Case studyForecasting / Time series / Evaluation

Climate CO2 Forecasting ML

Atmospheric CO2 forecasting needs leakage-safe time-series evaluation rather than a visually impressive model trained on future information.

GitHub

CO2 Forecast Lab dashboard showing model comparison and atmospheric trend.

Project type: Data and ML
Core stack: Python, pandas, statsmodels
Delivery: Case study

Case Study

The problem, implementation decisions, measured evidence, and next improvements.

Overview

An end-to-end forecasting and anomaly-analysis system with reproducible data preparation, model comparison, API serving, and dashboard evidence.

Problem

The weekly Mauna Loa CO2 series contains missing values, long-term trend, and strong annual seasonality.
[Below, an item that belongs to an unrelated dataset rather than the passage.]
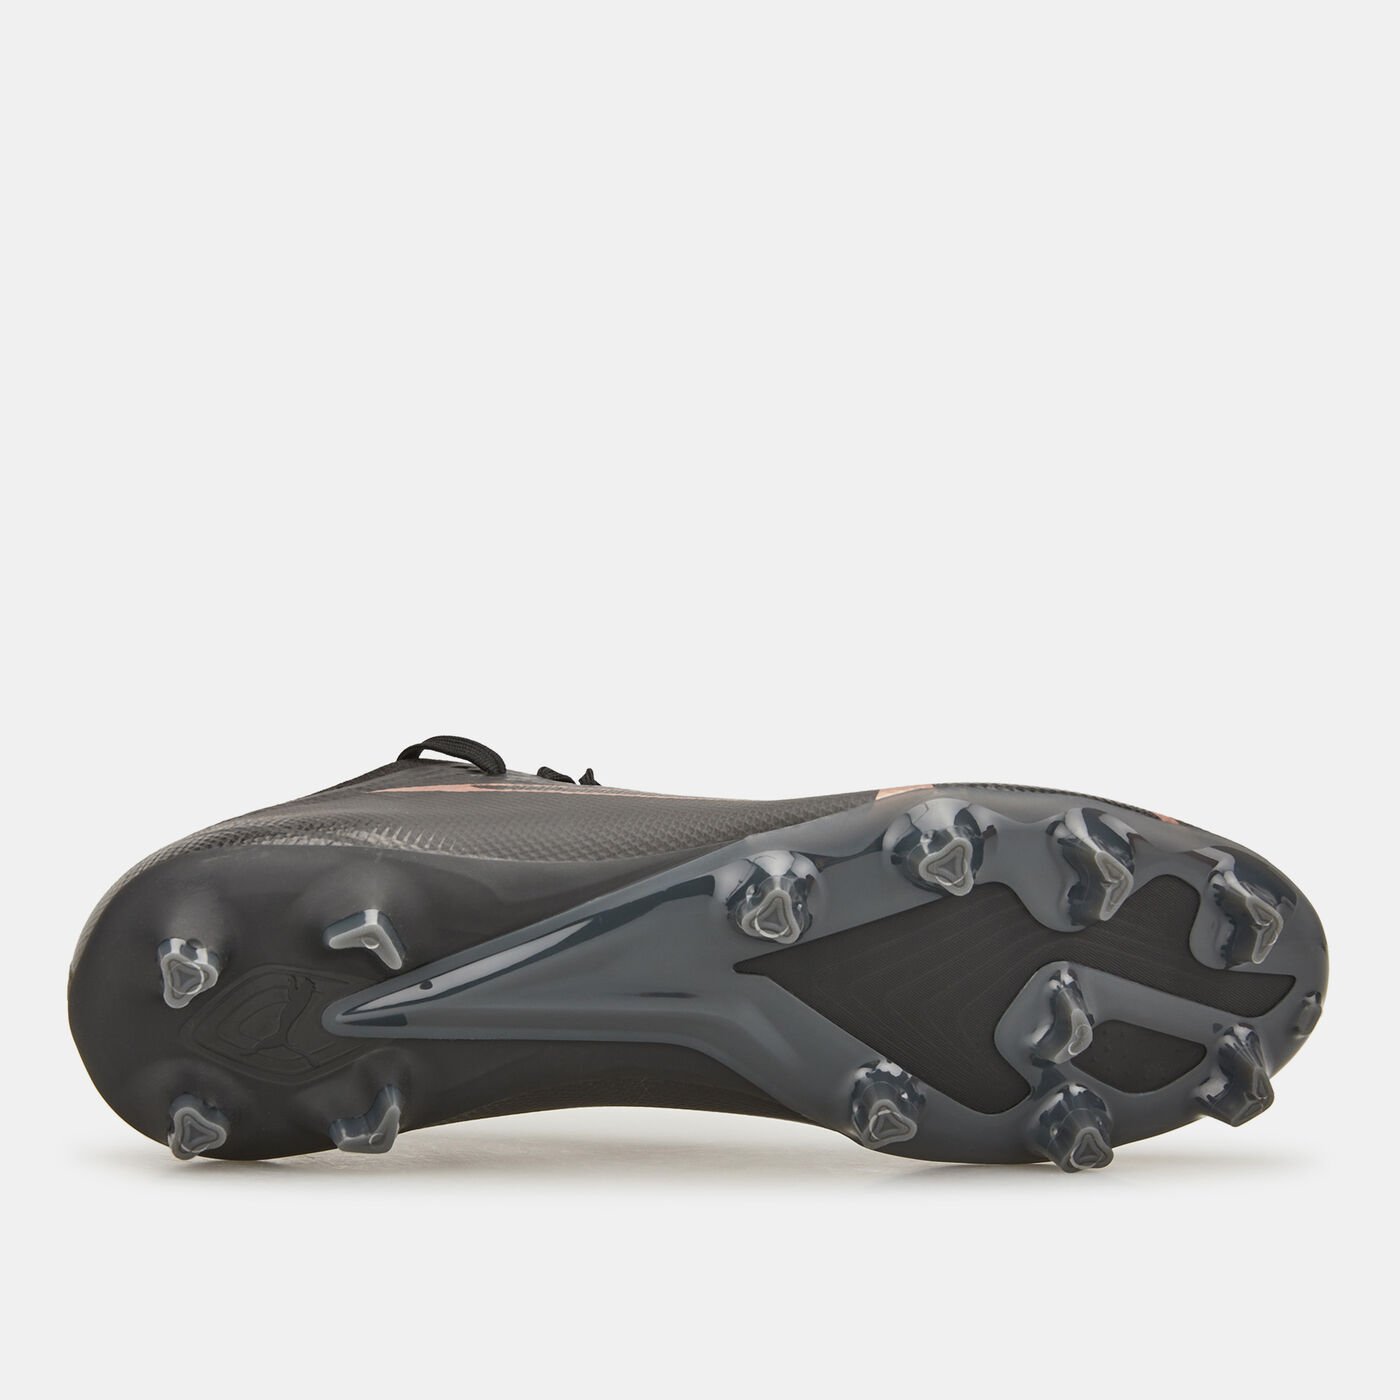 Men's ULTRA MATCH Firm Ground/Artificial Ground Football Shoes

A credible project must compare simple and complex models on the same chronological holdout.

Solution

Built a reproducible pipeline for validation, monthly resampling, chronological splits, feature engineering, baseline/statistical/scikit-learn/PyTorch training, shared metrics, residual analysis, anomaly signals, FastAPI inference, and a React dashboard.

Outcome

Exponential Smoothing and SARIMA clearly outperformed the more complex machine-learning models. The project reports that result directly and keeps anomaly detection framed as exploratory rather than verified climate-event detection.

What It Proves

Time-series methodology, leakage prevention, honest model evaluation, statistical forecasting, PyTorch experimentation, FastAPI, React, and reproducibility.

Key Features

Chronological train, validation, and test splits prevent future leakage.
All models share the same rolling one-step evaluation and residual analysis.
Generated artifacts feed both the FastAPI service and React dashboard.

Architecture

01
statsmodels CO2 dataset
02
Validation and resampling
03
Chronological split
04
Forecasting models
05
Shared evaluation
06
Anomaly analysis
07
API and dashboard

Tech Stack

Python
pandas
statsmodels
scikit-learn
PyTorch
FastAPI
React
Recharts
Docker

Challenges & Trade-offs

2,284 weekly rows become 526 monthly observations after resampling and interpolation.
Exponential Smoothing achieved MAE 0.237 and RMSE 0.298 on rolling one-step evaluation.
The two-epoch LSTM debug run underperformed, demonstrating that complexity is not automatically better.

Future Improvements

Run a fully tuned LSTM experiment separately from the fast debug pipeline.
Add probabilistic forecast intervals and backtesting windows.
Deploy the API and dashboard together for a public interactive demo.

Repository README, generated metrics, and public GitHub presentation reviewed June 13, 2026.